Emerging Markets Daily - July 15
China GDP Q2 Growth Slows, EM 'Generational Opportunity?', China Tech and EM, Asian Bonds Attract Record Investment, Asia's Slow Air Travel Recovery
The Top 5 Emerging Markets Stories from Global Media - July 15
China's GDP Growth in Q2 Slows to 7.9%
Nikkei Asia
“China's gross domestic product growth slowed to 7.9% year-on-year in the April-to-June quarter after plateauing at 18.3% in the previous three months, signaling a halt to the V-shaped recovery from the COVID-19 pandemic.”
“…The swift deceleration was underlined by a 0.5% cut to banks' reserve requirements, effective Thursday, which is aimed at increasing lending to small and medium-size enterprises.”
“Only 26% of Chinese companies surveyed in June predicted a rise in business activity over the next year, down slightly from 28% in February, according to a business outlook by IHS Markit released on Monday. That was lower than the global average of 38%.” CK Tan reports
“Generational Opportunity” in Emerging Markets or More Staid Returns?
OilPrice.com
“A commonly heard refrain amongst investment circles is that emerging markets, or EMs, are no longer what they used to be over the past two decades. Coming out of the Global Financial Crisis, EM equities were the best performing regional equity market, returning 79% in 2009 compared to a 27% return by the S&P 500. But it's been pretty much downhill from there, with the EM lagging behind the Developed Markets (DM) with a 7% return vs. 13% by the DM (excluding the U.S.) in the current year.”
“A similar narrative has been playing out in the energy markets, with EMs hardly visible in the global ESG and renewable energy boom despite being the most vulnerable to climate change. But a cross-section of Wall Street is now saying not to give up on EMs just yet.”
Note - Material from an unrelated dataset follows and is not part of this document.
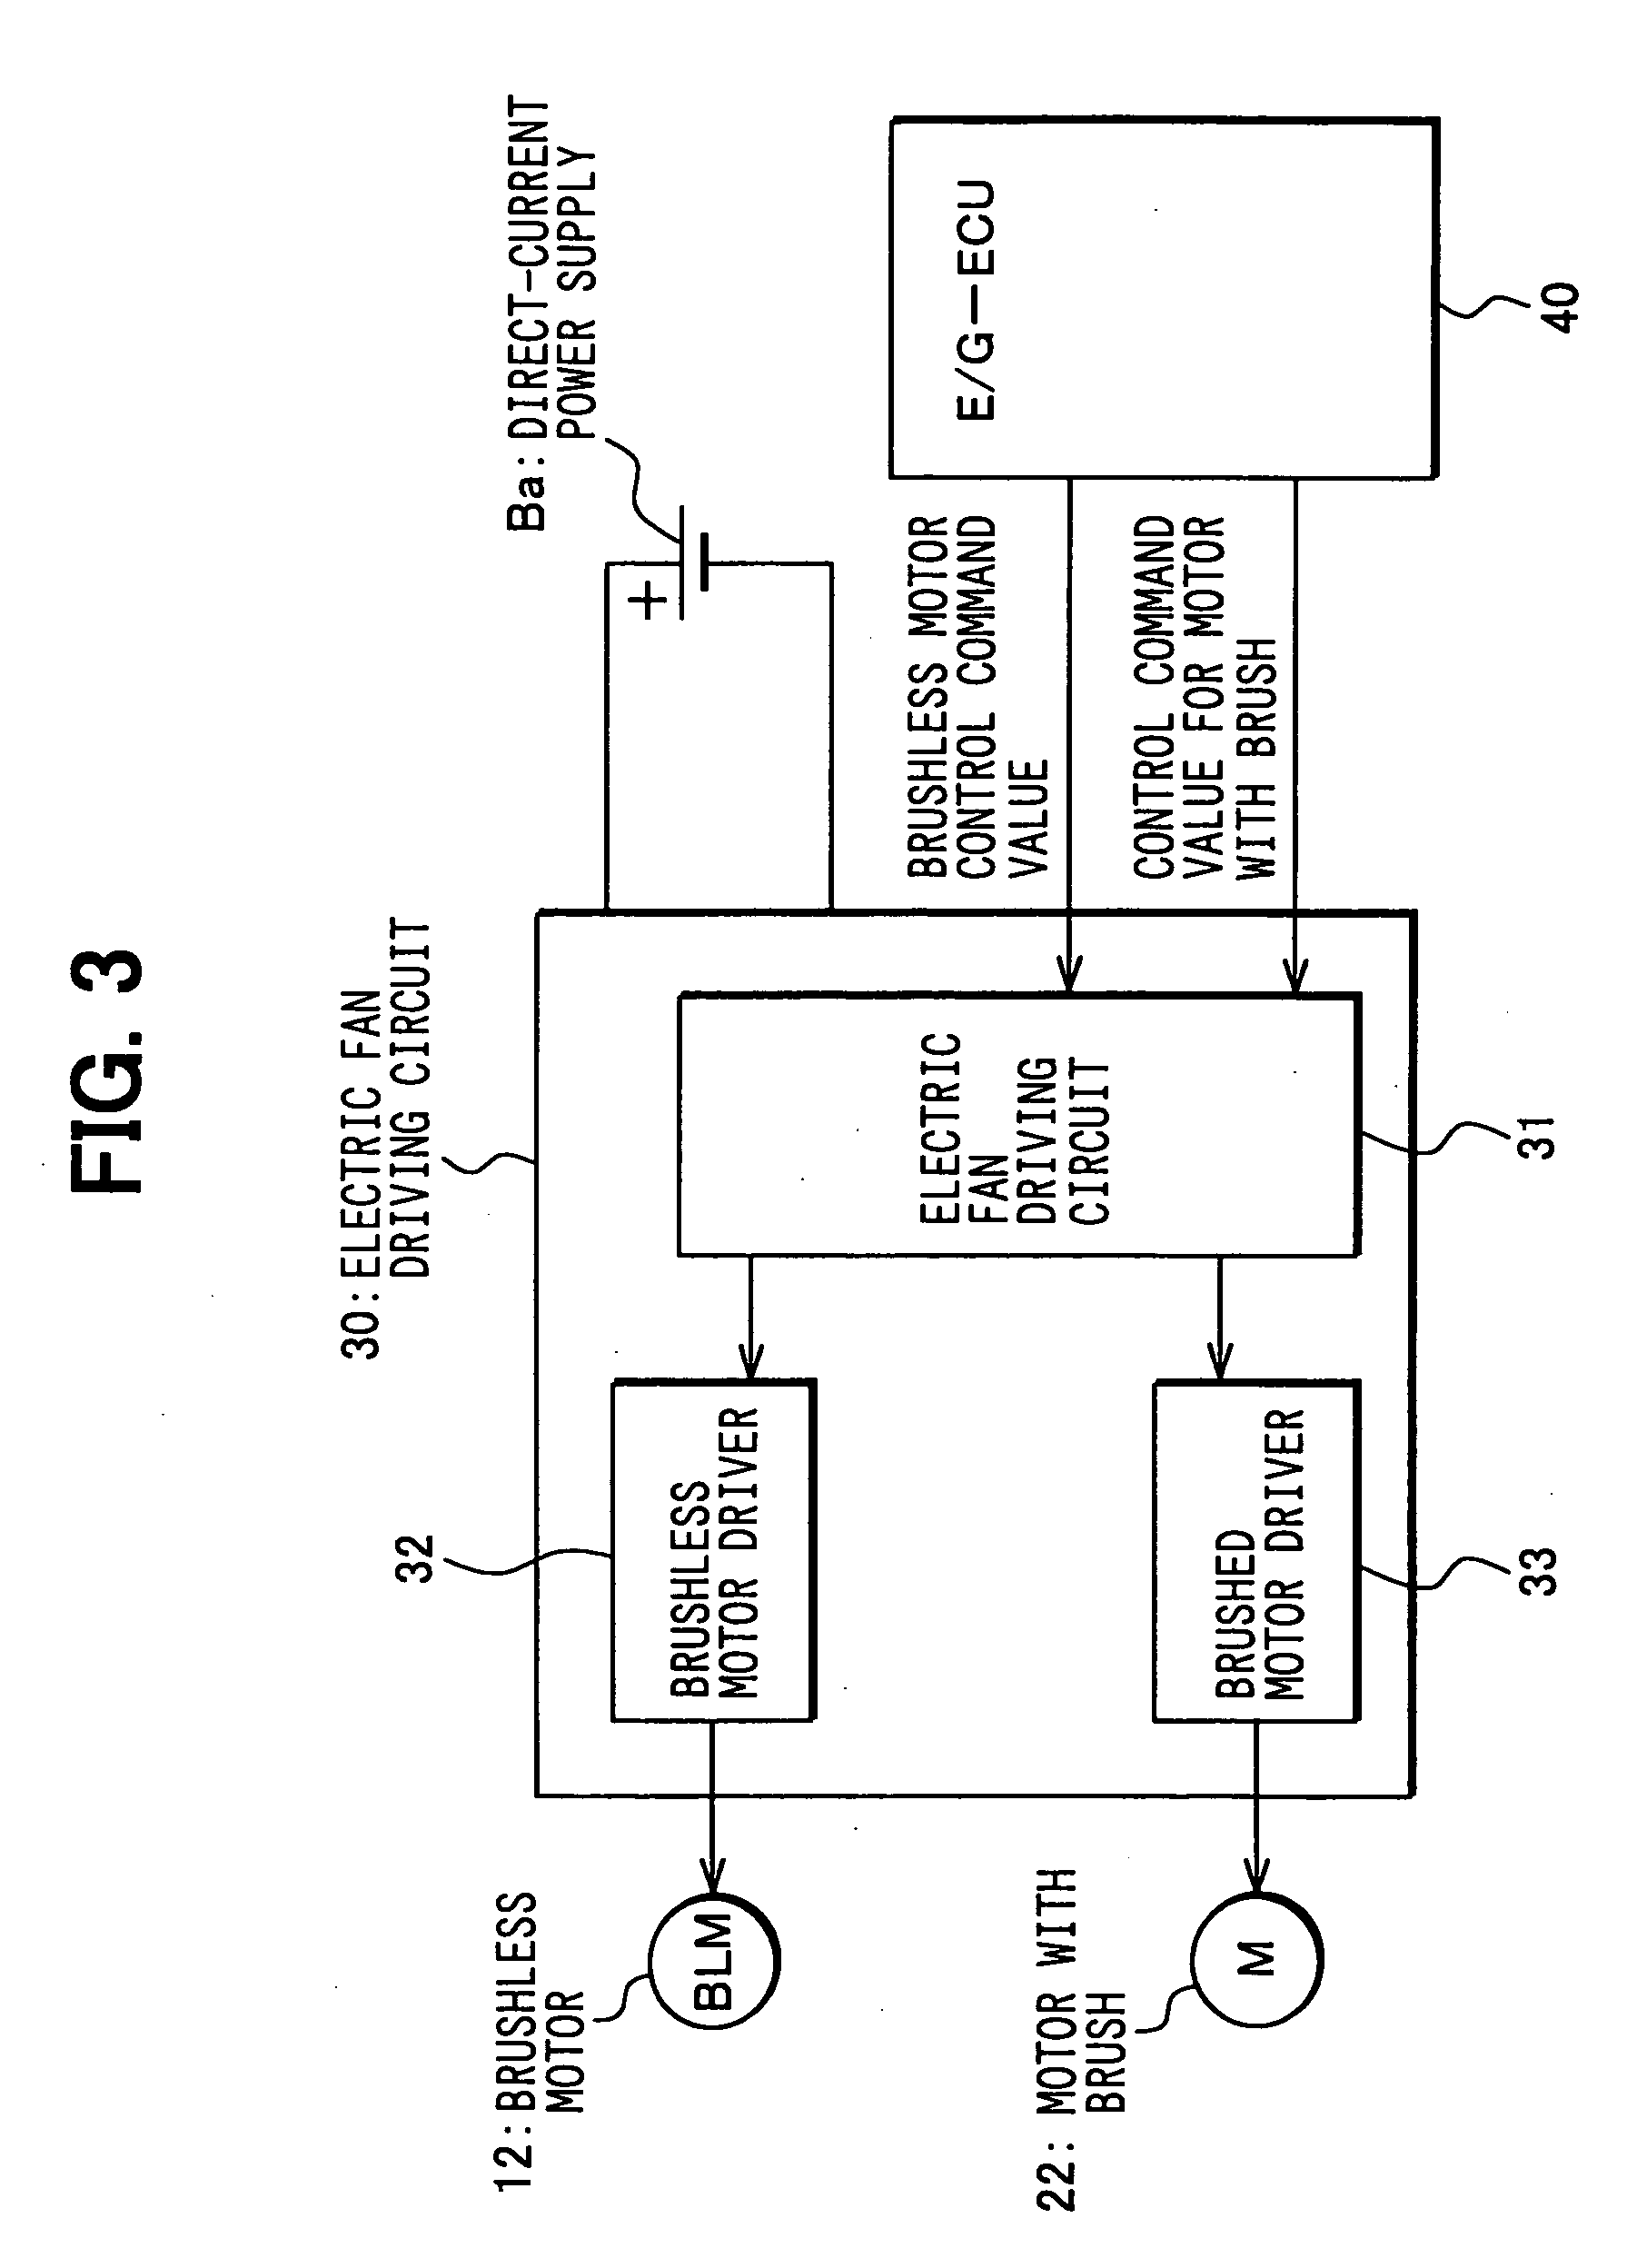 Electrical fan system for vehicle

“Investors and strategists at Goldman Sachs and JPMorgan Chase are saying there's plenty of value to be found in EM commodity markets regardless of whether or not OPEC+ can resolve its latest deadlock. In fact, some analysts have labeled it a ‘generational opportunity’.”
“‘A generational opportunity exists today in many of the deepest-value emerging markets. Whether you export goods or whether you export commodities, you're getting an external demand boom right now for pretty much whatever it is that you sell,’ Whitney Baker, the former head of emerging-market research at Bridgewater Associates, has told Bloomberg.” Alex Kimani reports.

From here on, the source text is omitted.